* TASK OBJECTIVE: Will you output all of the data below exactly, omitting the images?

* DATA:
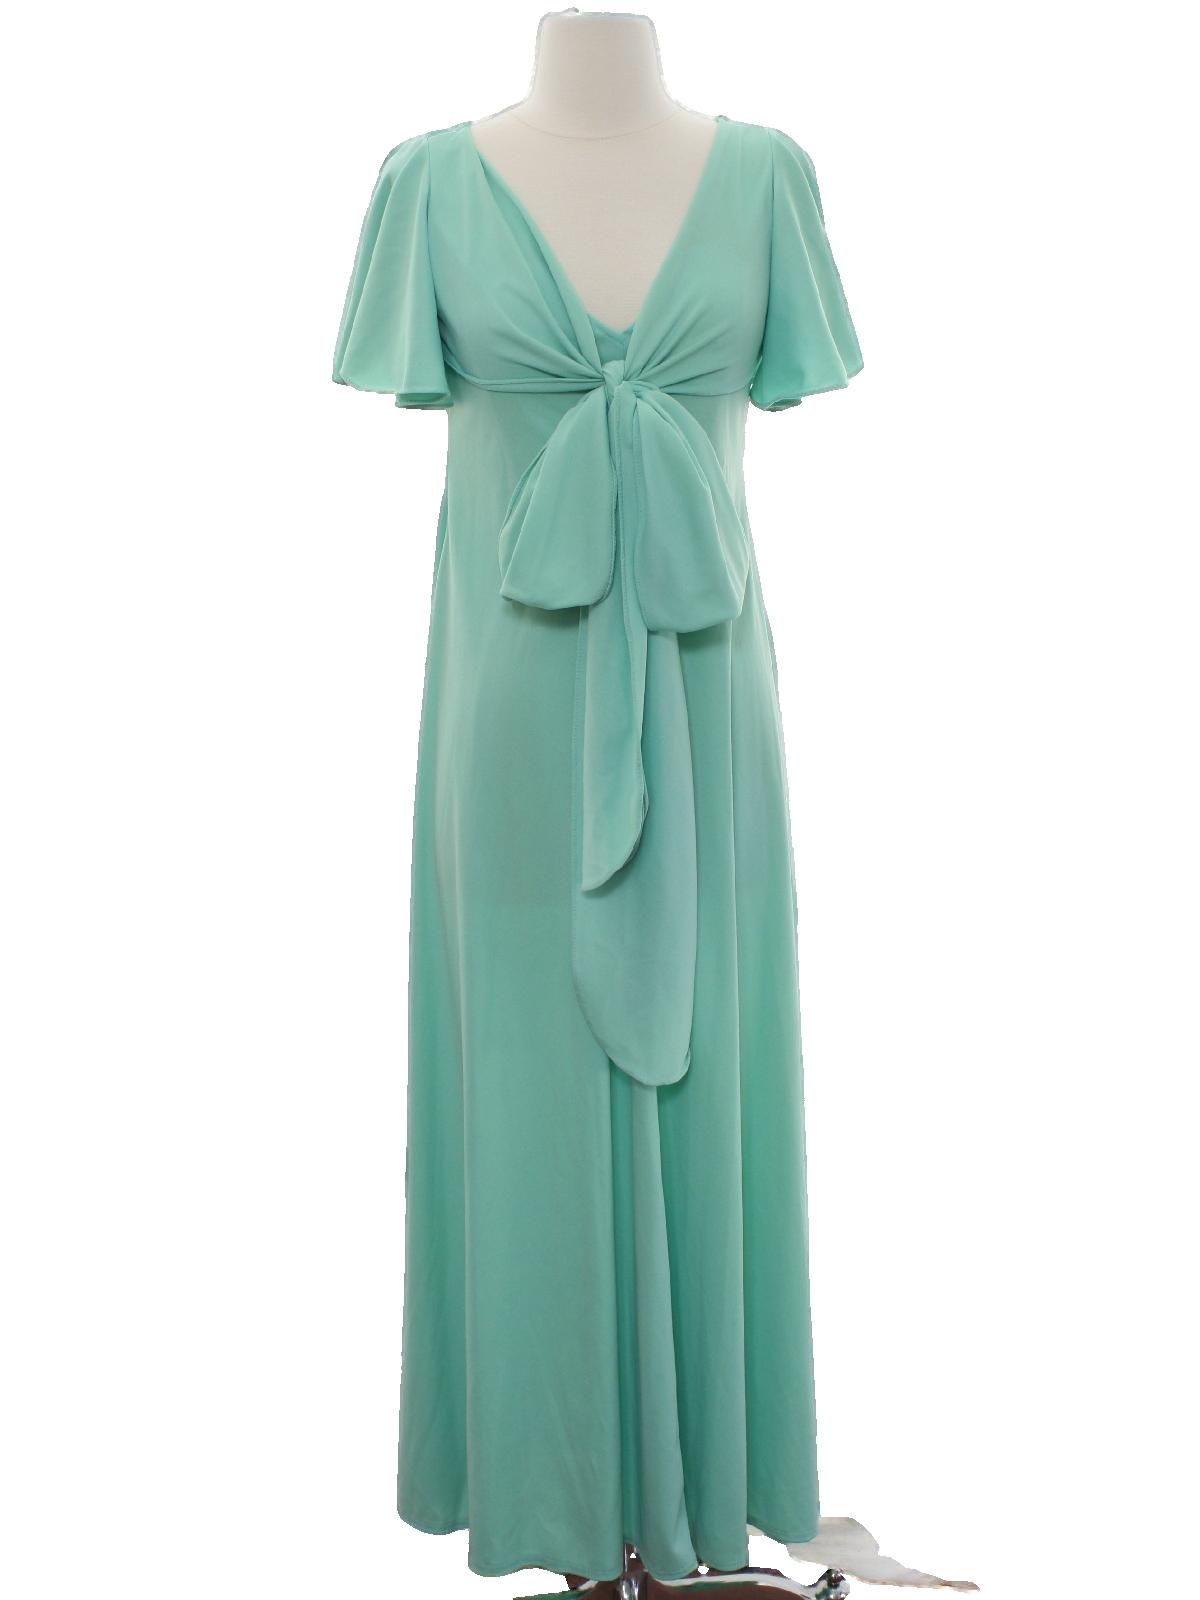 Retro 1970\'s Cocktail Dress: 70s -No Label- Womens mint green slinky ...
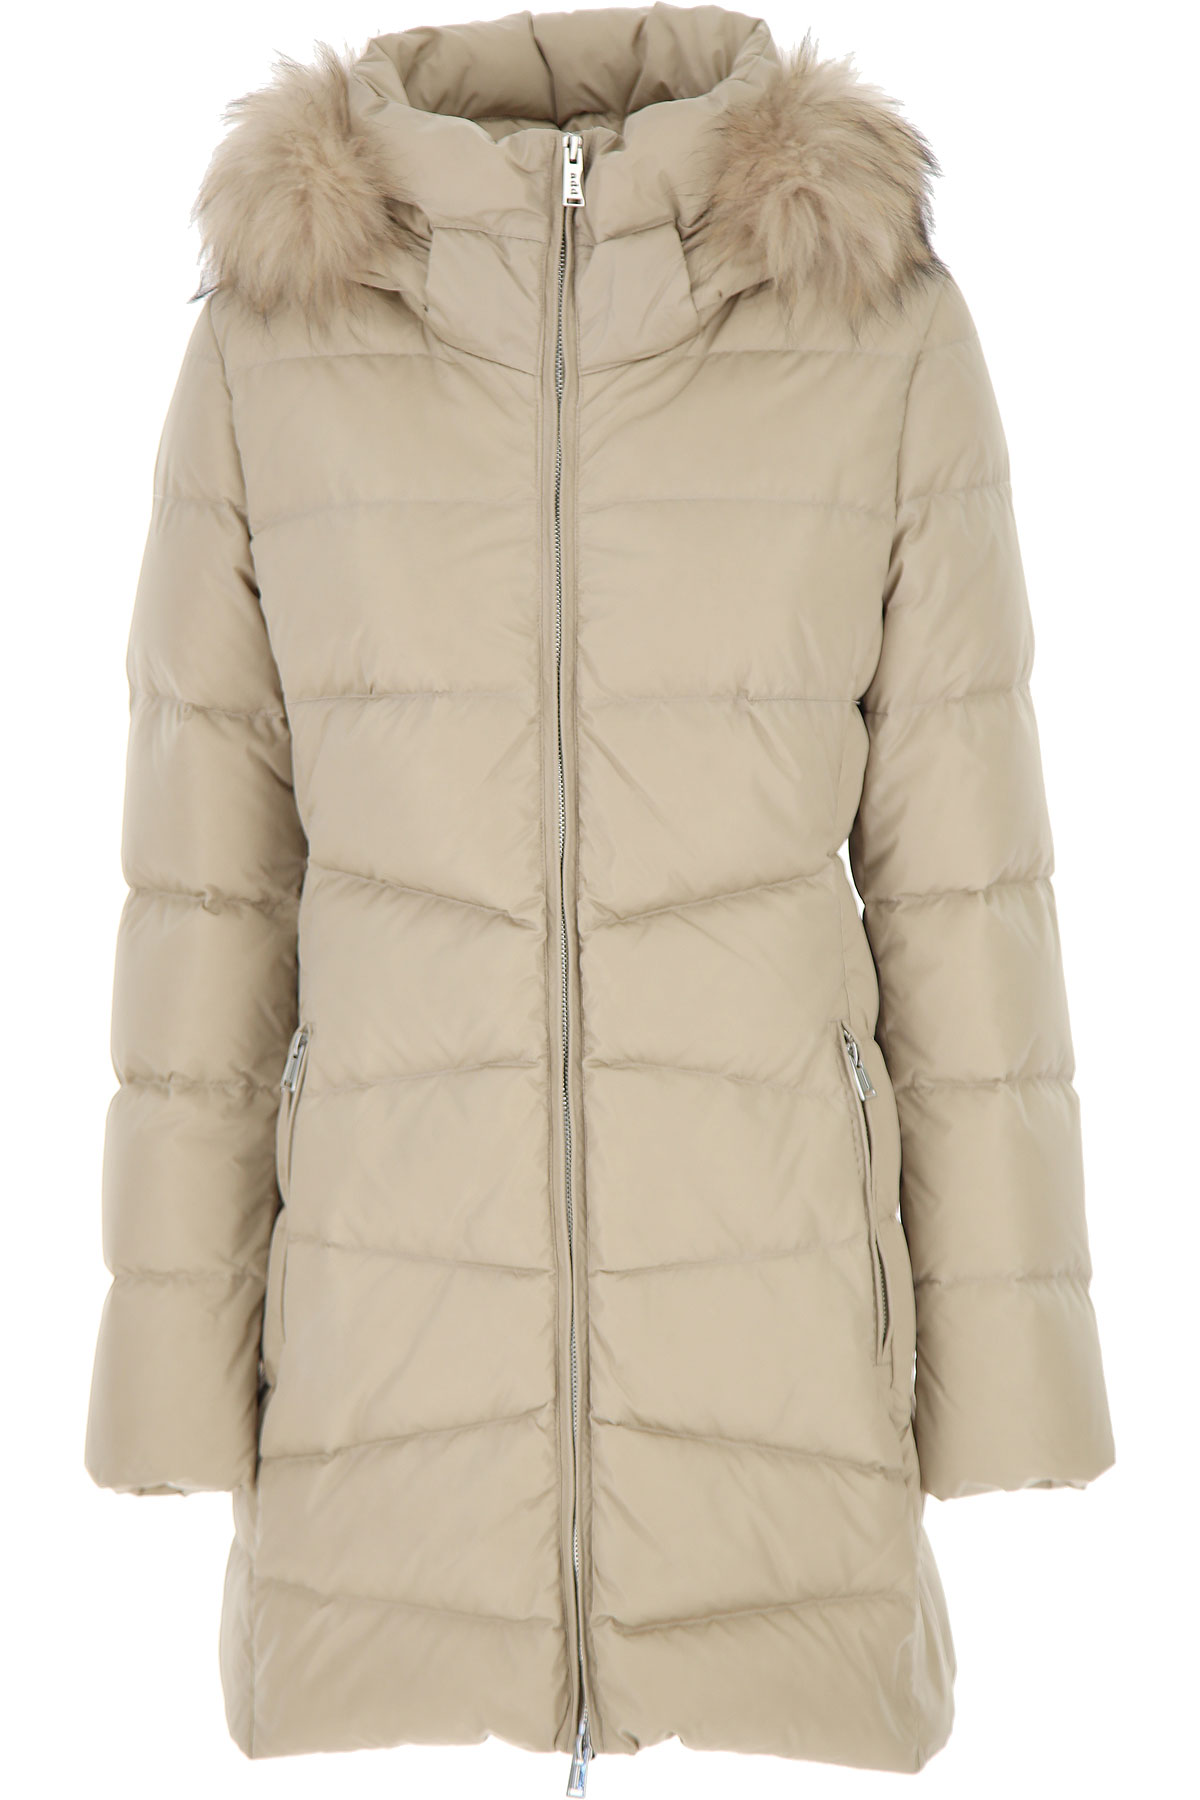 ADD Down Jacket for Women, Puffer Ski Jacket, Beige, polyamide, 2019, 10 4
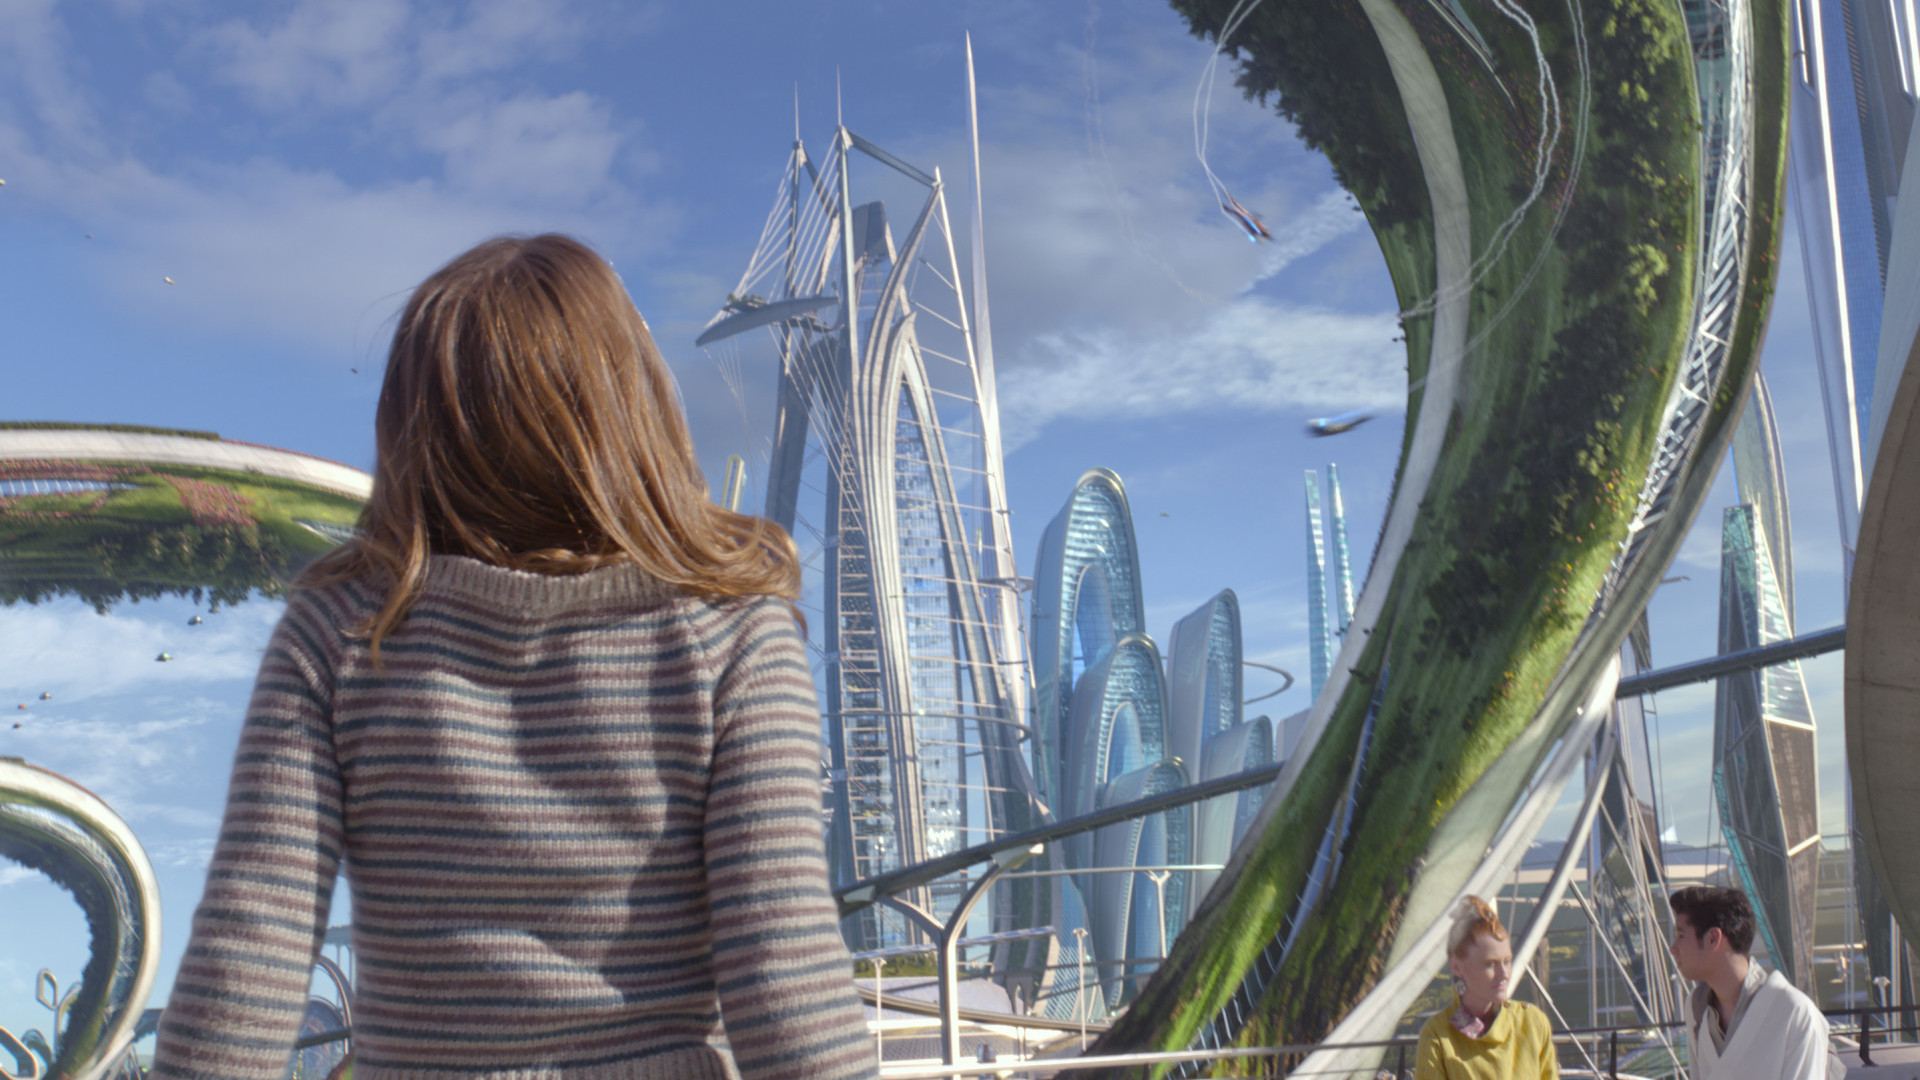 Casey (Britt Robertson) experiencesa fantastic futuristic world in Tomorrowland. (Courtesy of Disney)
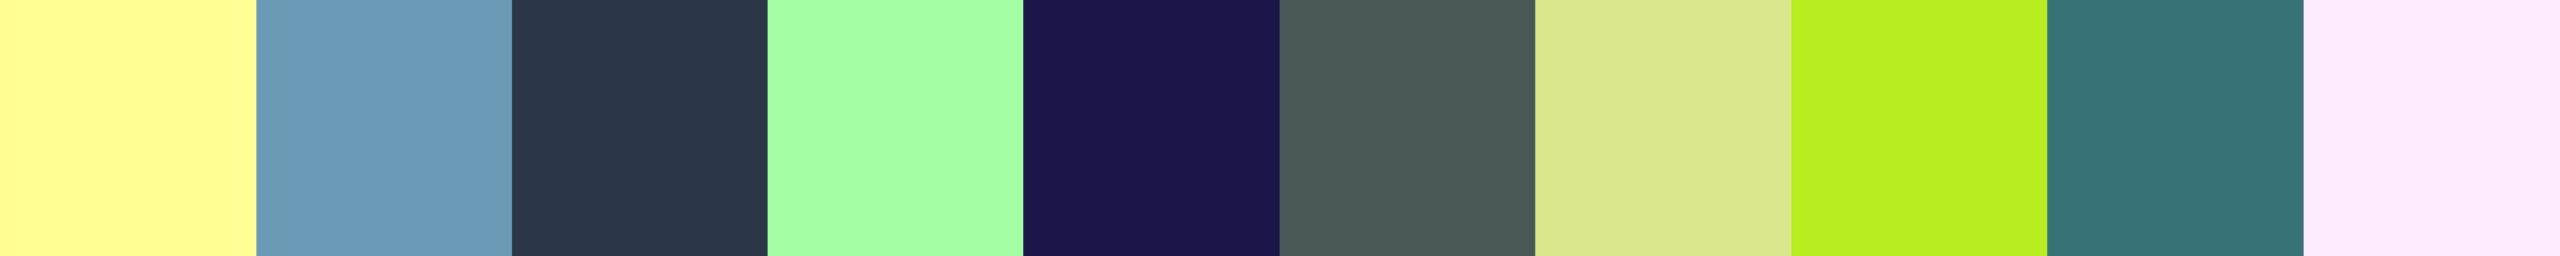 645 Hayala Color Palette

* SOLUTION FOR THIS EXERCISE:
 Retro 1970\'s Cocktail Dress: 70s -No Label- Womens mint green slinky ...
 ADD Down Jacket for Women, Puffer Ski Jacket, Beige, polyamide, 2019, 10 4
 Casey (Britt Robertson) experiencesa fantastic futuristic world in Tomorrowland. (Courtesy of Disney)
 645 Hayala Color Palette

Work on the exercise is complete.